> [TASK ITEM]: Return the listing that follows exactly, with no pictures included.

> [THE DATA]:
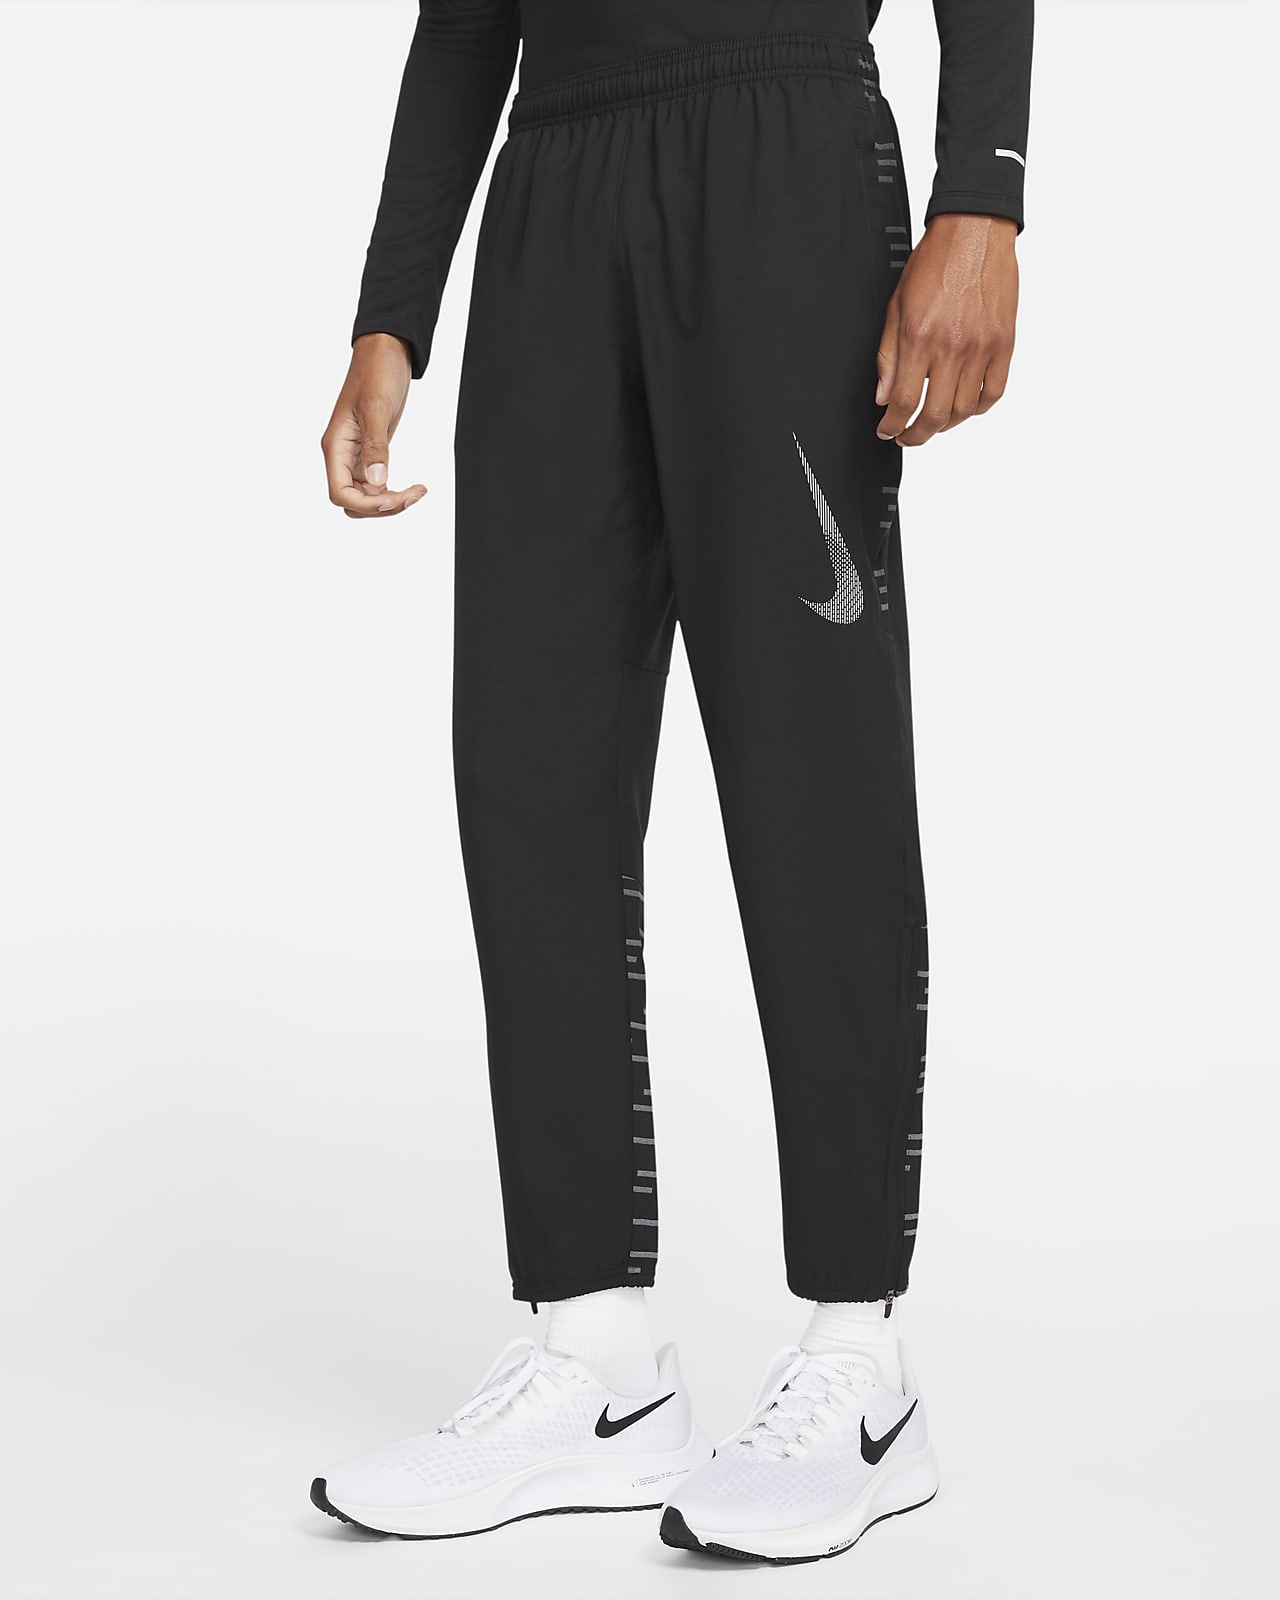 Nike Dri-FIT Run Division Challenger Men's Woven Running Trousers. Nike AT
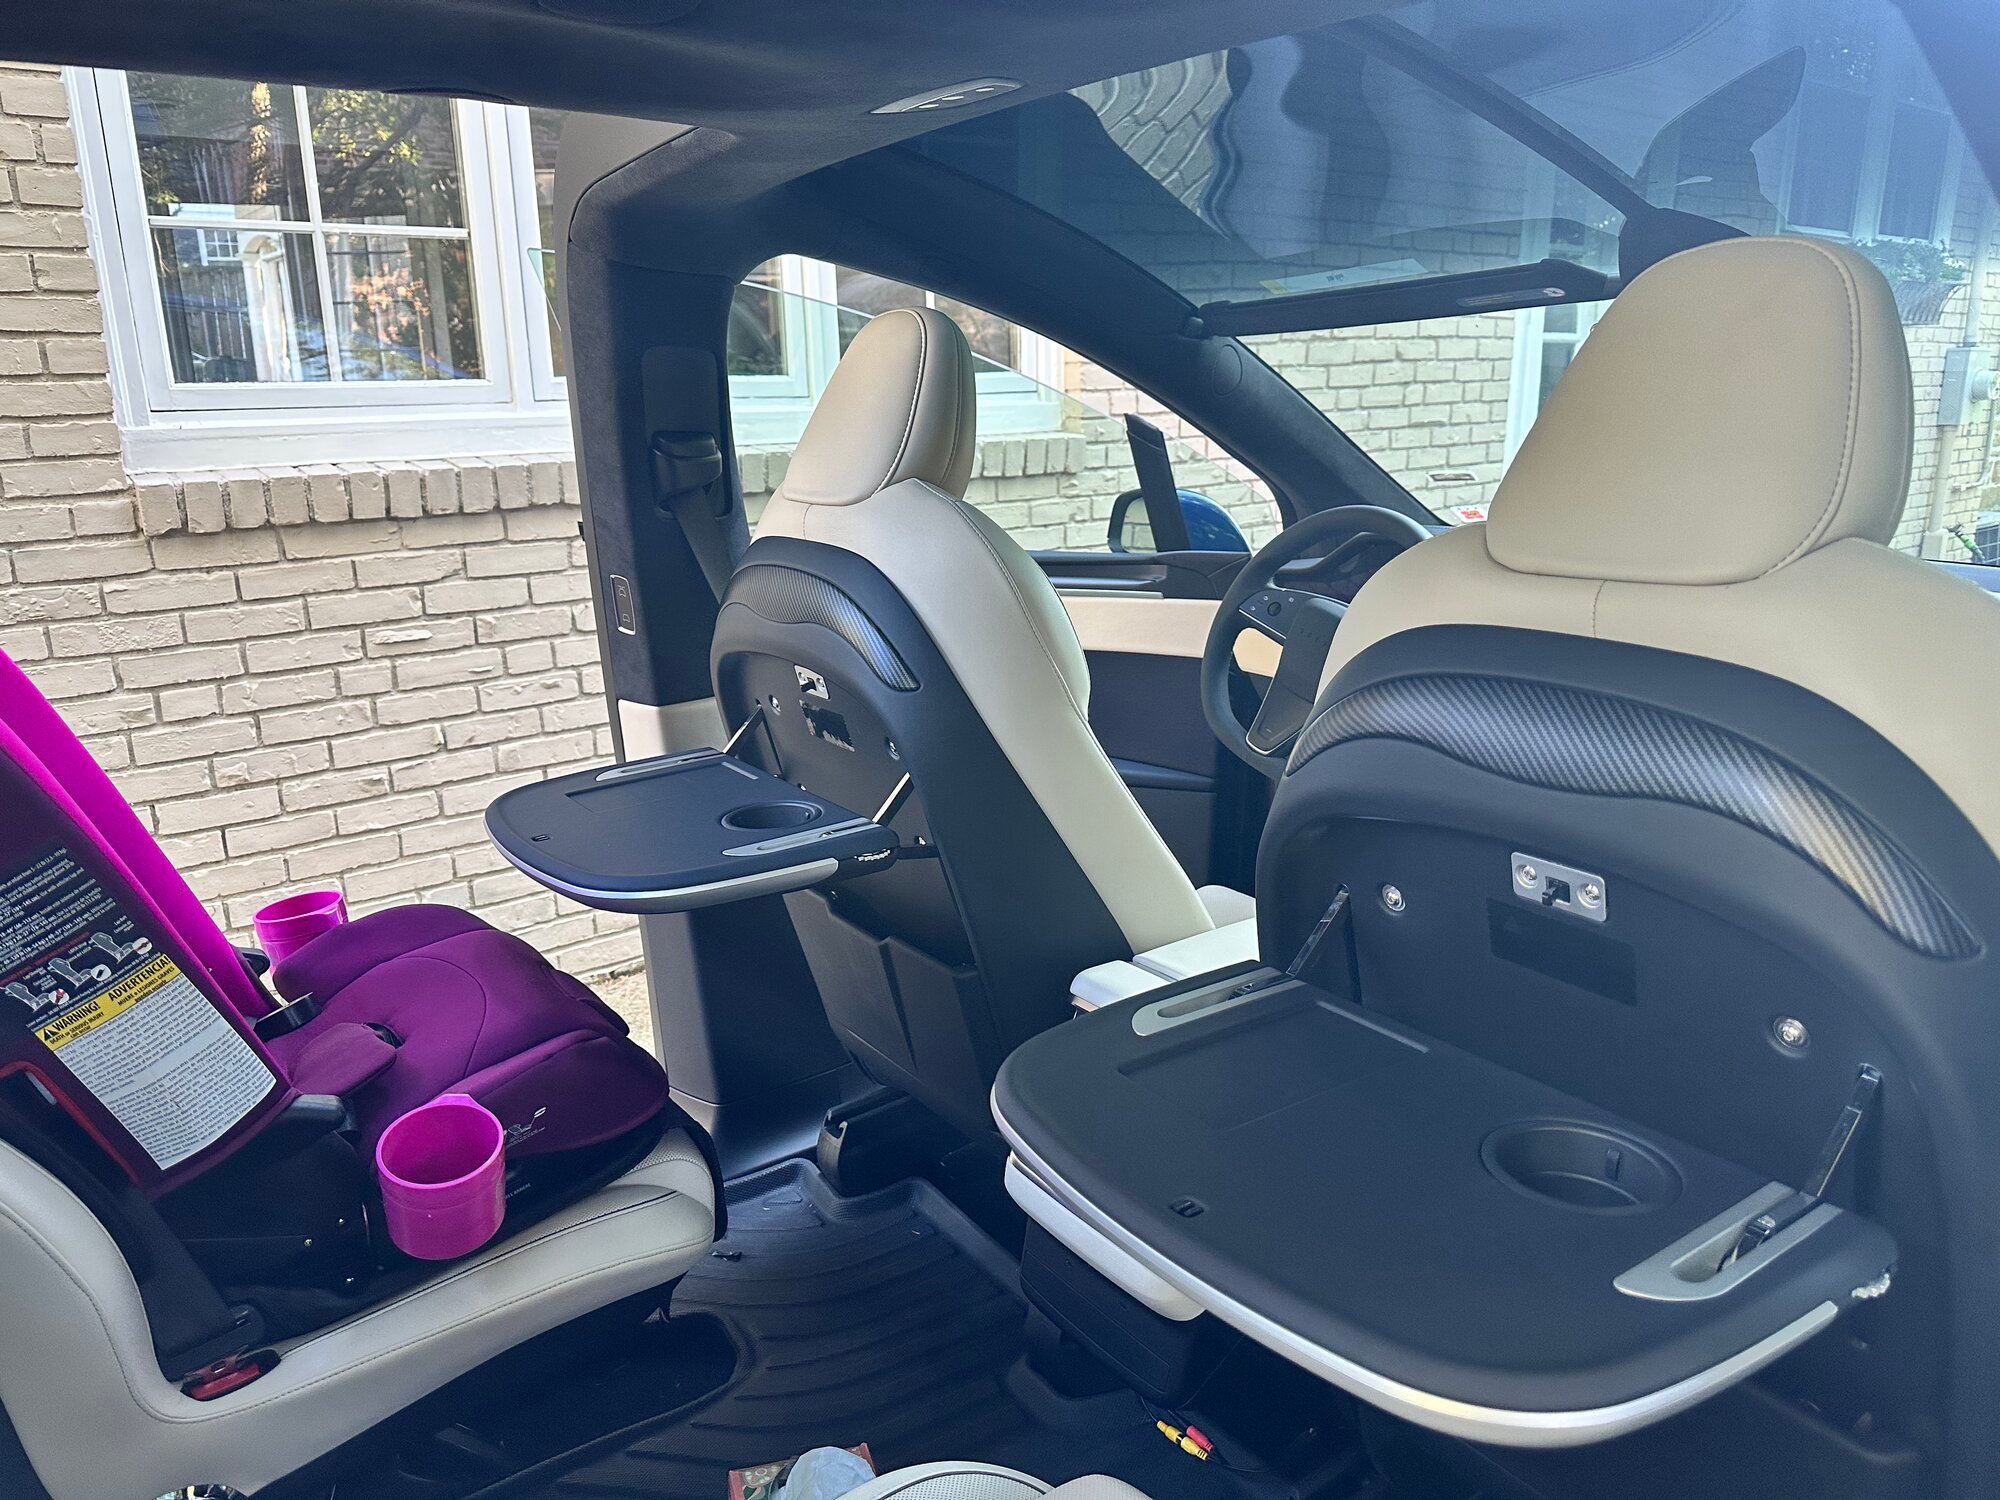 Tesla Model Y: Check Out These 10 Must-Have Accessories
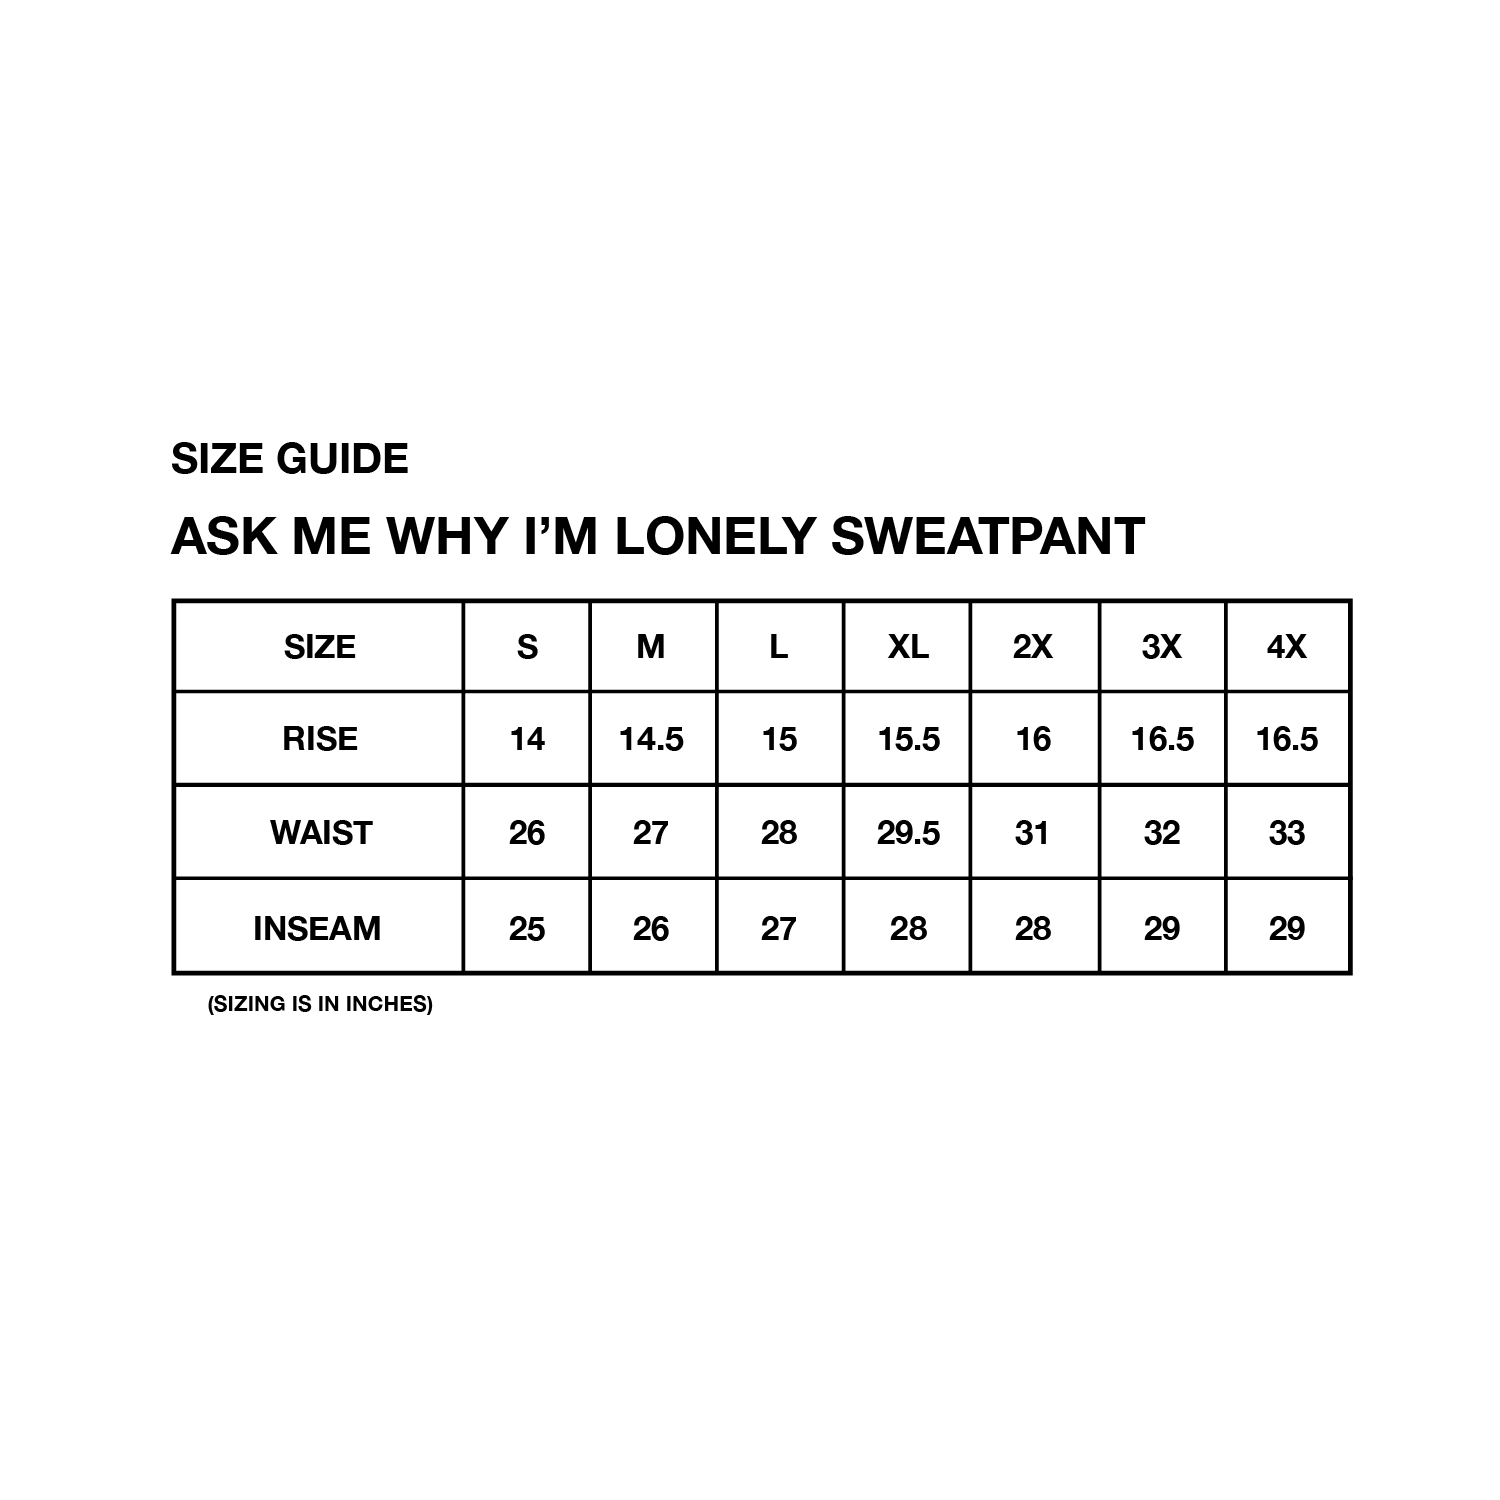 Ask Me Why I'm Lonely Heavyweight Sweatpants

> [WRITTEN SOLUTION]:
 Nike Dri-FIT Run Division Challenger Men's Woven Running Trousers. Nike AT
 Tesla Model Y: Check Out These 10 Must-Have Accessories
 Ask Me Why I'm Lonely Heavyweight Sweatpants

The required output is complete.